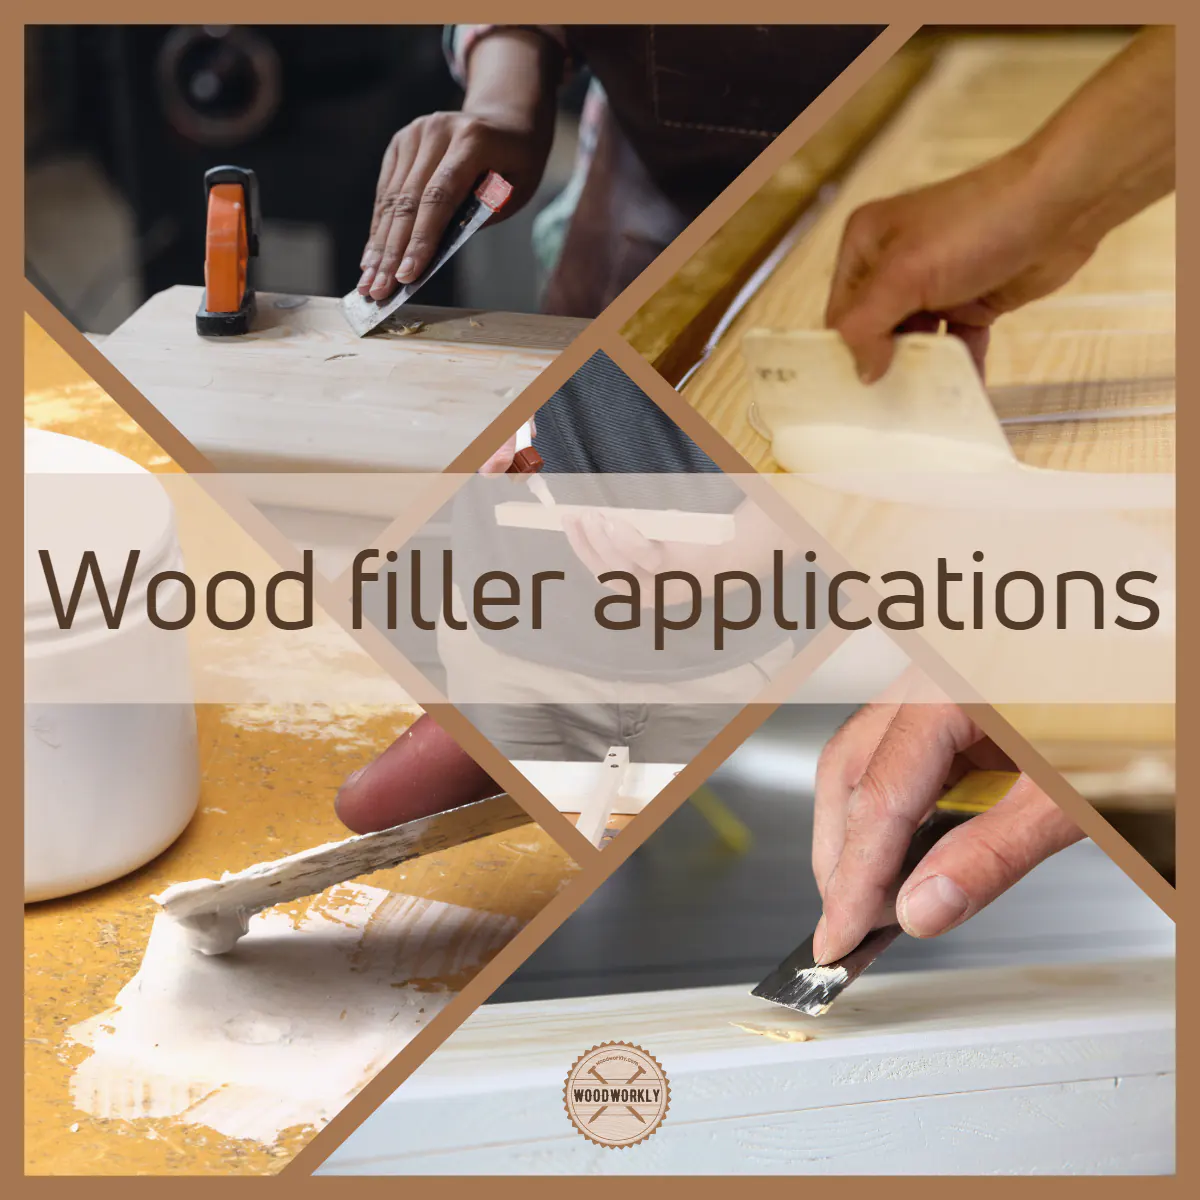 Wood filler applications
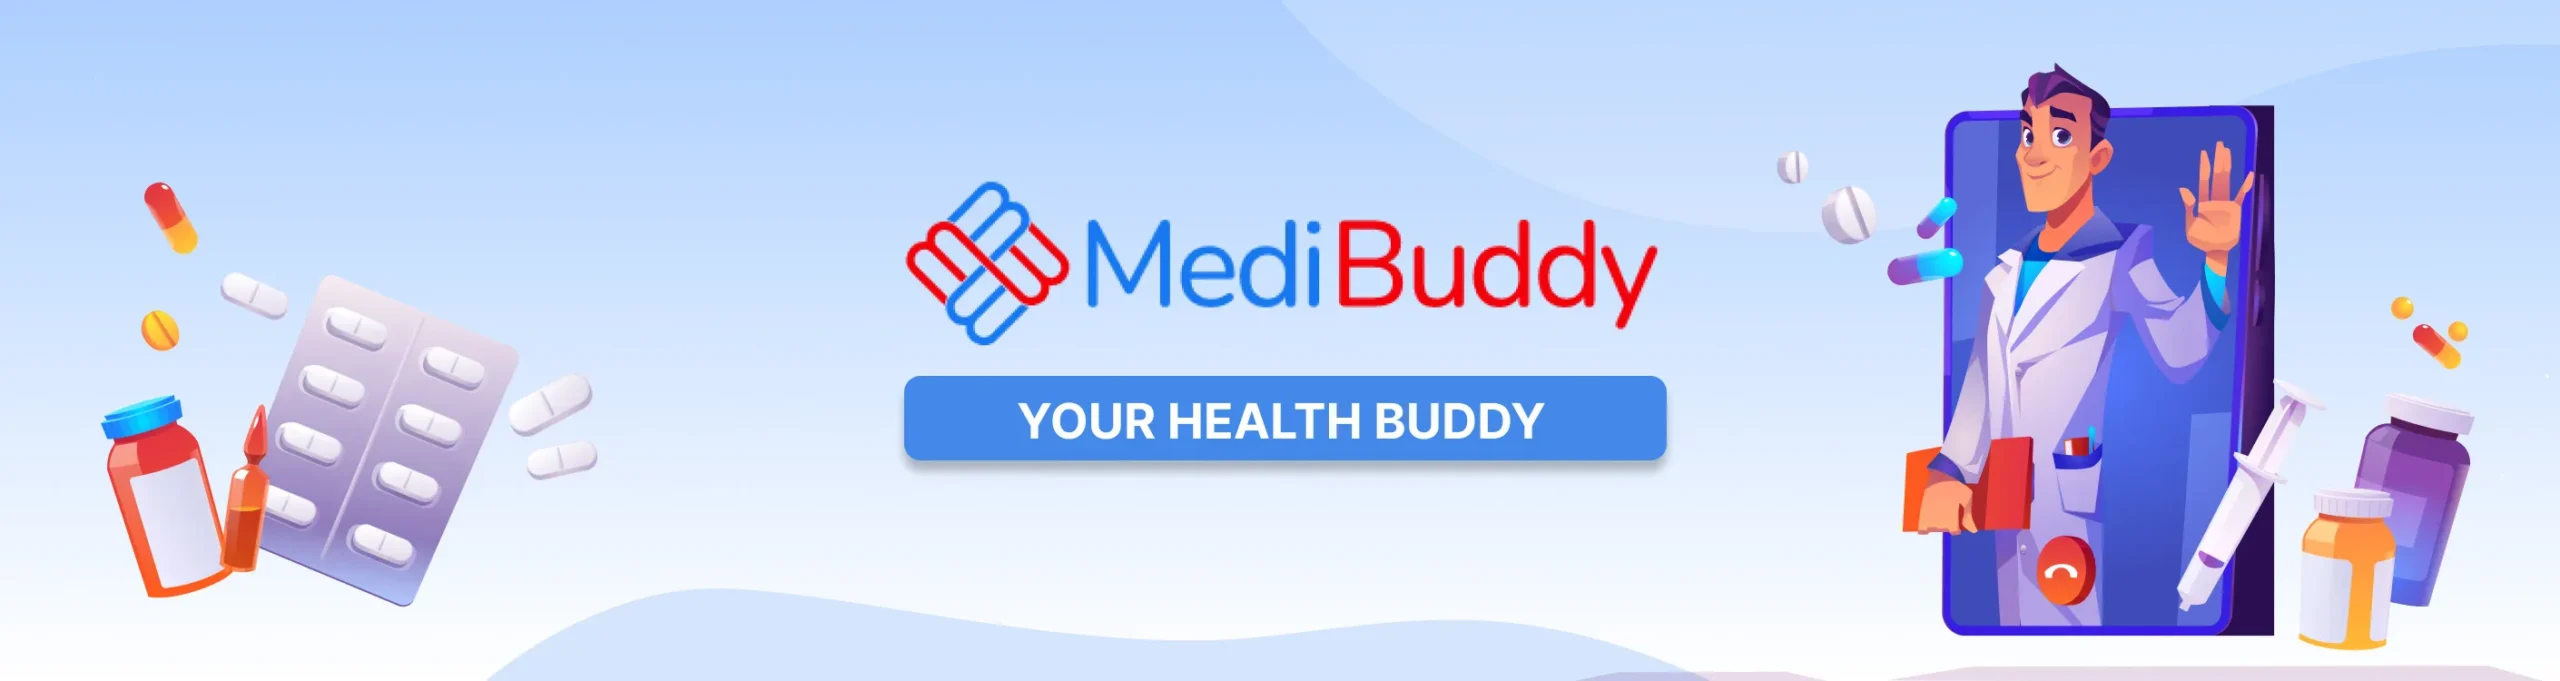 Medi Buddy - Medi Buddy Medicine : Get Upto 96% OFF
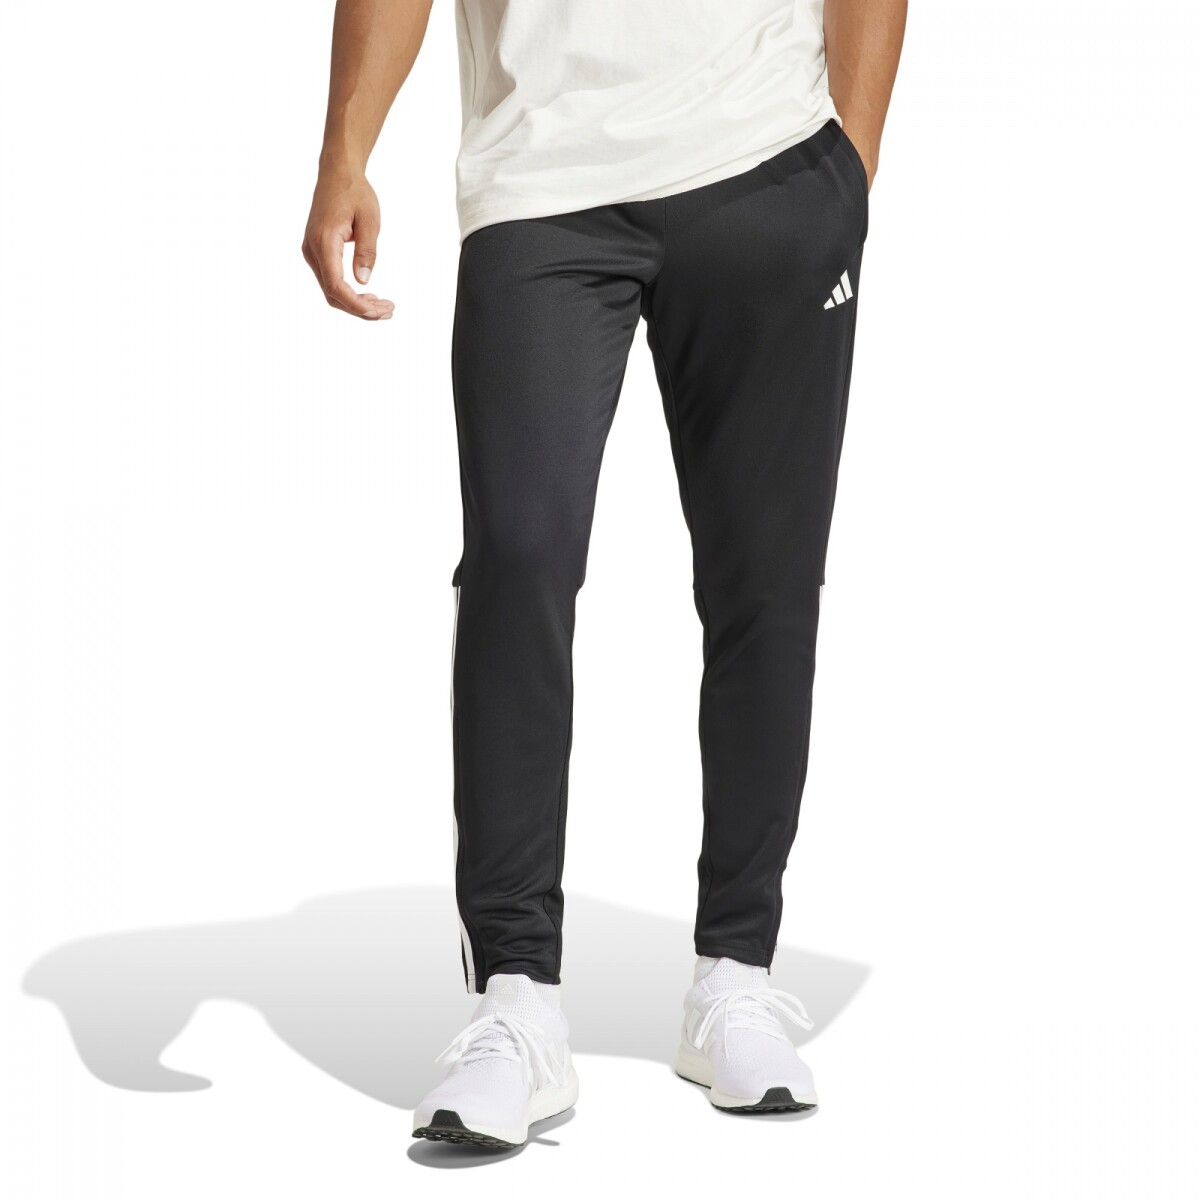 Pantalon Sereno Cut 3 Adidas - Negro/Blanco

-*-*-

[Task goal] Skip all pictures. Then give again, exactly, each line from the line holding "Medi Buddy - Medi" through the last line of the listing above, both ends included.

[Solution for this task]
 Medi Buddy - Medi Buddy Medicine : Get Upto 96% OFF
 Pantalon Sereno Cut 3 Adidas - Negro/Blanco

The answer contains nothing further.